雖然眼神還有些迷惘,但人看上去,已經精神了不少。
她遲疑了一下,還是越過他,將手中的藥,端給了對面的人。
那人接過藥碗,也道了聲謝,祁凰說了句不用客氣后,才慢吞吞轉身,挪向蘇景騫的床榻。
盯著他看了許久,才憋出一句:“你醒了。”
蘇景騫的目光落在她臉上,空洞的眼神漸漸有了光澤,“凰兒,我莫不是在做夢?”
聽他說話就忍不住來氣,恨不得將手里的托盤扣他臉上:“這幾個月里,你去哪了?”
他虛弱地笑了一下:“凰兒,我知道你很生氣,但我有我的苦衷。”
人人都有苦衷?難道就她祁凰是個沒心沒肺的大傻子?
她越發生氣:“蘇景騫,你真的很不負責任。”
他沒有反對,輕聲應道:“是,我也恨我自己,為什么不能勇敢一點。”
她拉過一把椅子,在榻前坐下,將蕭凌風給自己的藥放在床頭:“不愿告訴我你去了哪,至少能說清楚,你為什么會出現在無垢山莊,又是怎么受的傷吧?”
蘇景騫垂下眼,好半晌才道:“我是來找你的。

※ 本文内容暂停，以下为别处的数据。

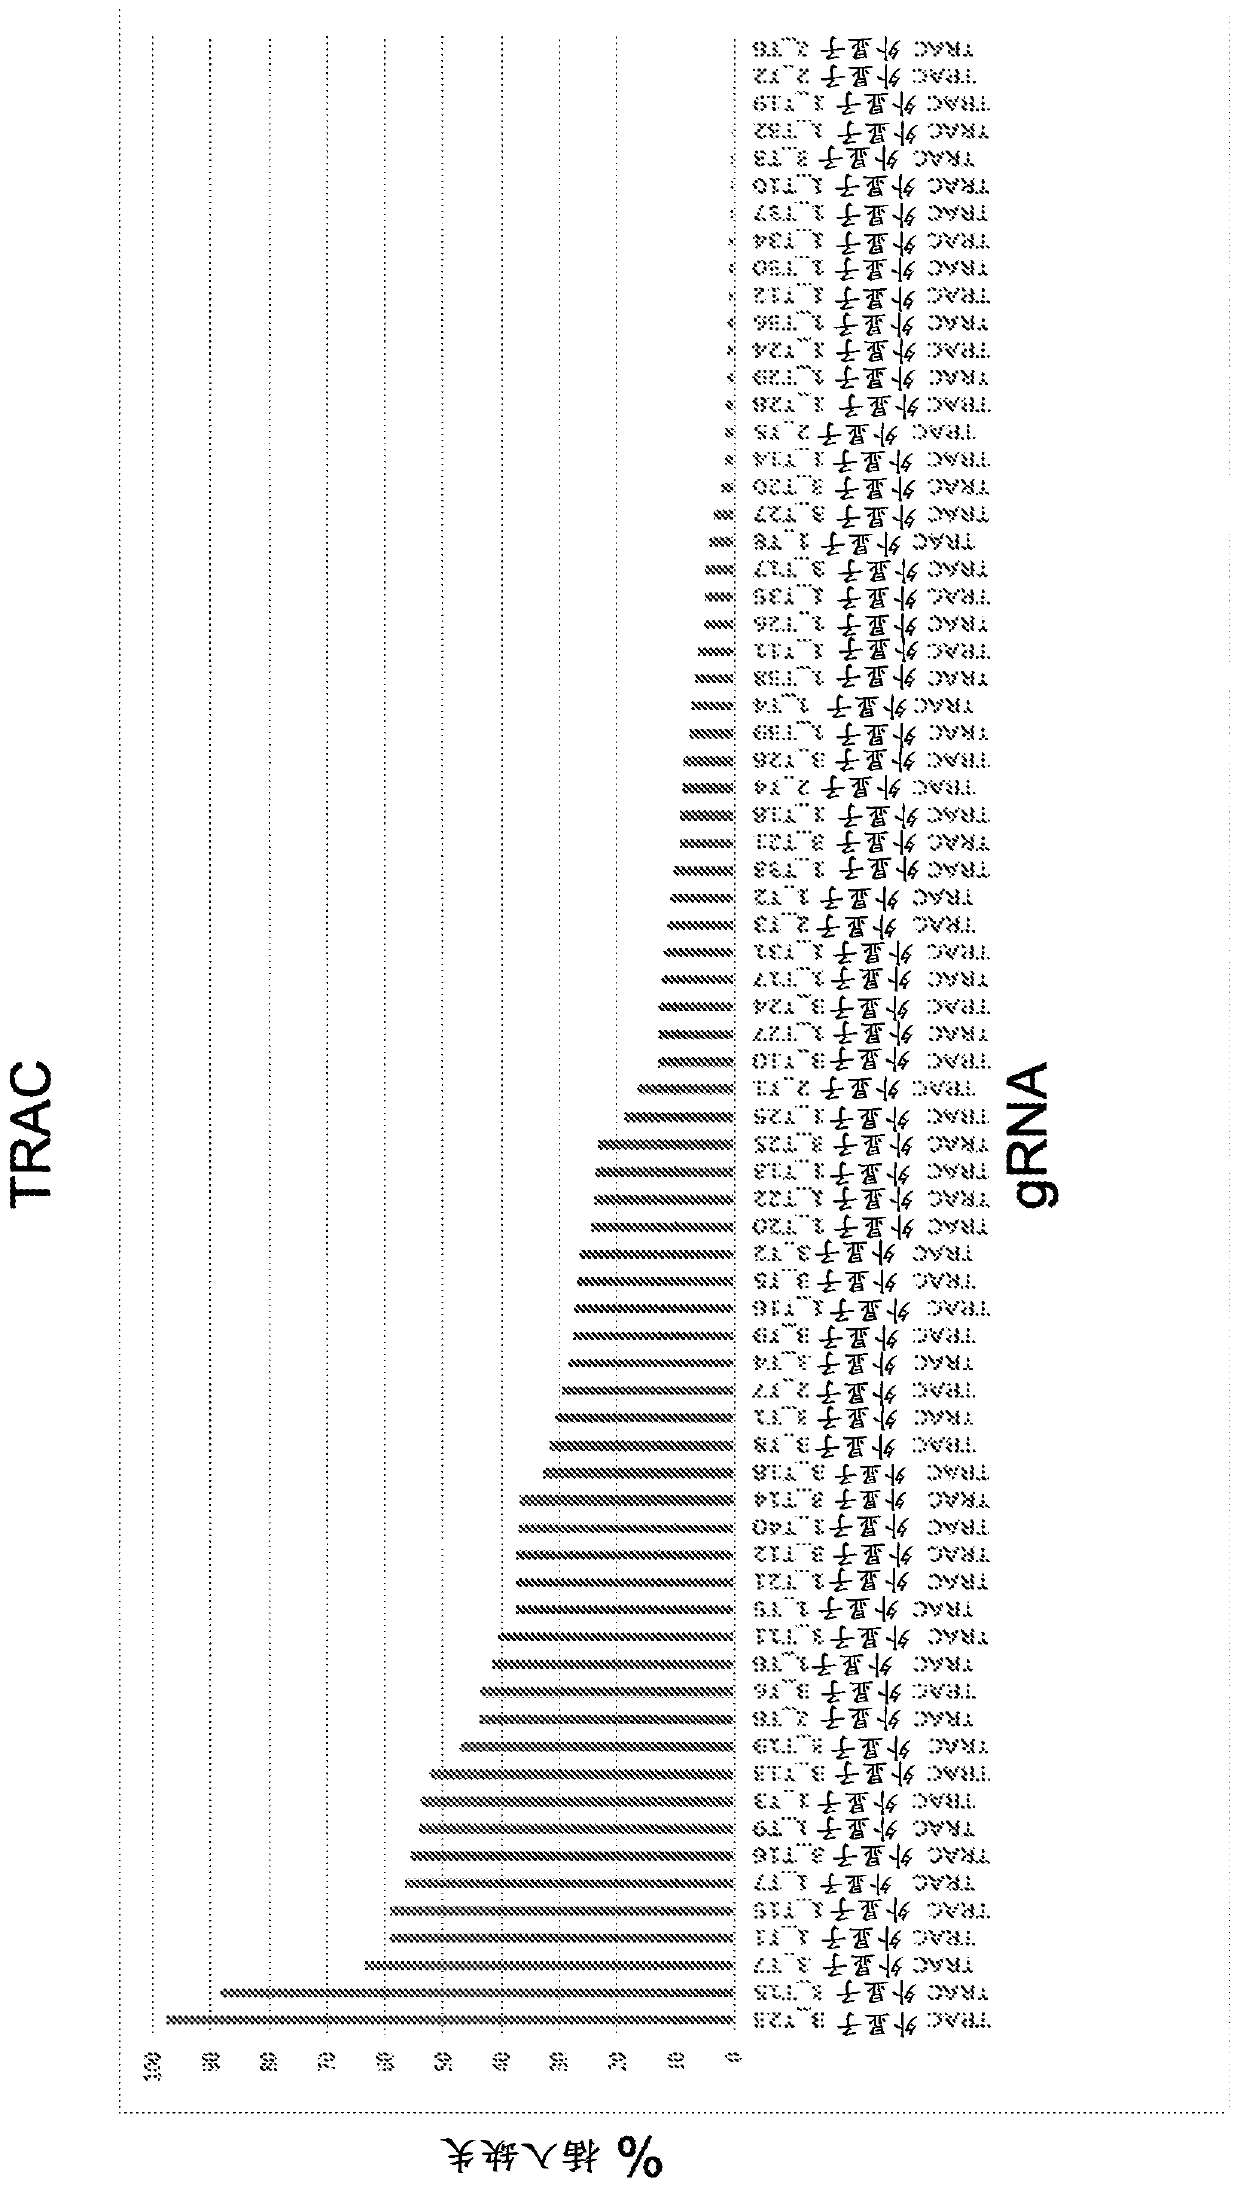 Materials and methods for engineering cells and uses thereof in immuno-oncology

”
“找我?”她奇道:“你怎么知道我在這里?”
“我是從皇上口中得知的。”
皇上?他說的可是祁寒?
“你見過祁寒?”
他輕輕動了動下顎,道:“是,我見過皇上。”
他喚祁寒為皇上,看來,在他心中,已經承認了祁寒這位君主。
“我以為你在宮里,所以想回去找你。”蘇景騫接著道:“可惜你已經不在那里了。”
“那祁寒呢?他沒有強迫你留下?”蘇景騫的醫術,少有人及,祁寒是個惜才之人,就這么放他走了,很不應該。
蘇景騫微微搖了搖頭,語氣帶上了幾分無奈:“皇上本不想放我走,是我一再堅持,才答應的。”

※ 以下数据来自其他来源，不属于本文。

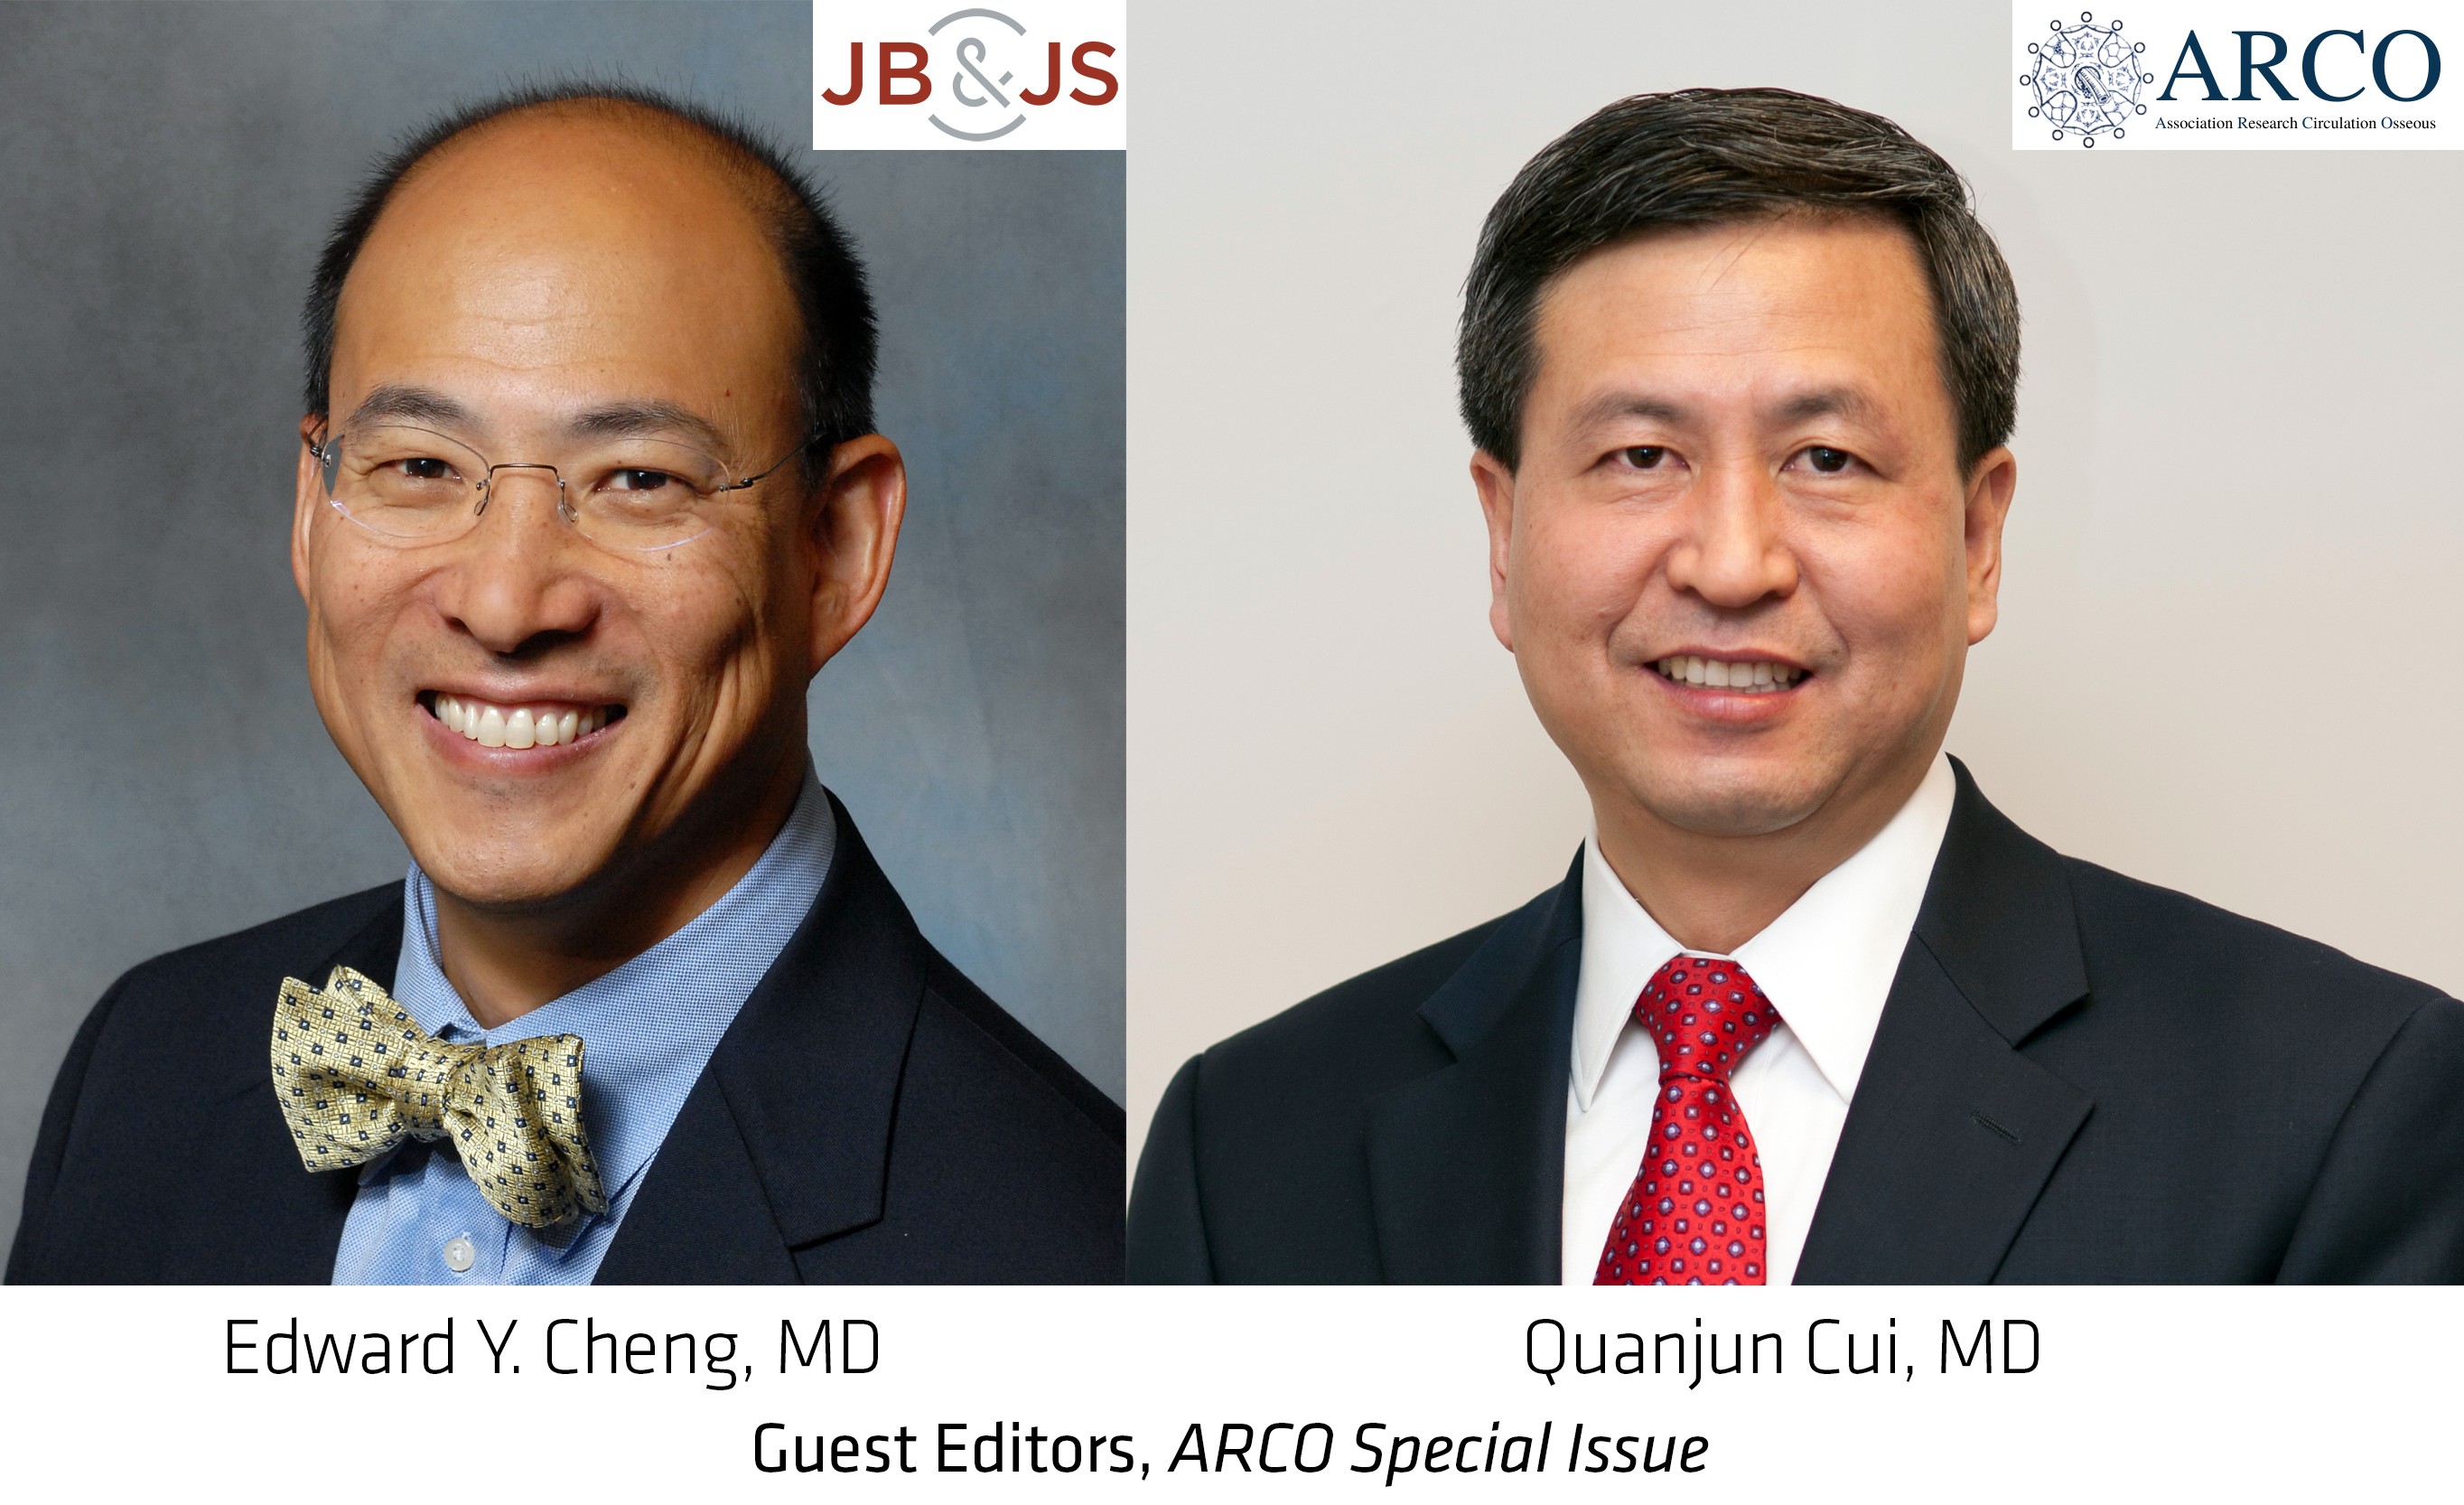 Edward Y. Cheng, MD and Quanjun Cui, MD

這個一再堅持的程度有多大,其實不用再問,想從祁寒手中逃脫,沒有一些犧牲是做不到的。
“對了,你失蹤那天,究竟是誰襲擊了你?”突然想起還有這么一茬。
蘇景騫原本在嘗試著坐起身,聽了這話,動作驀地一頓:“我也不知道。”
“你不知道?”祁凰不確定他是不是在說謊:“他們后來沒再找過你?”
“沒有。”雙手使不上力氣,他剛坐起一些,又跌了回榻上。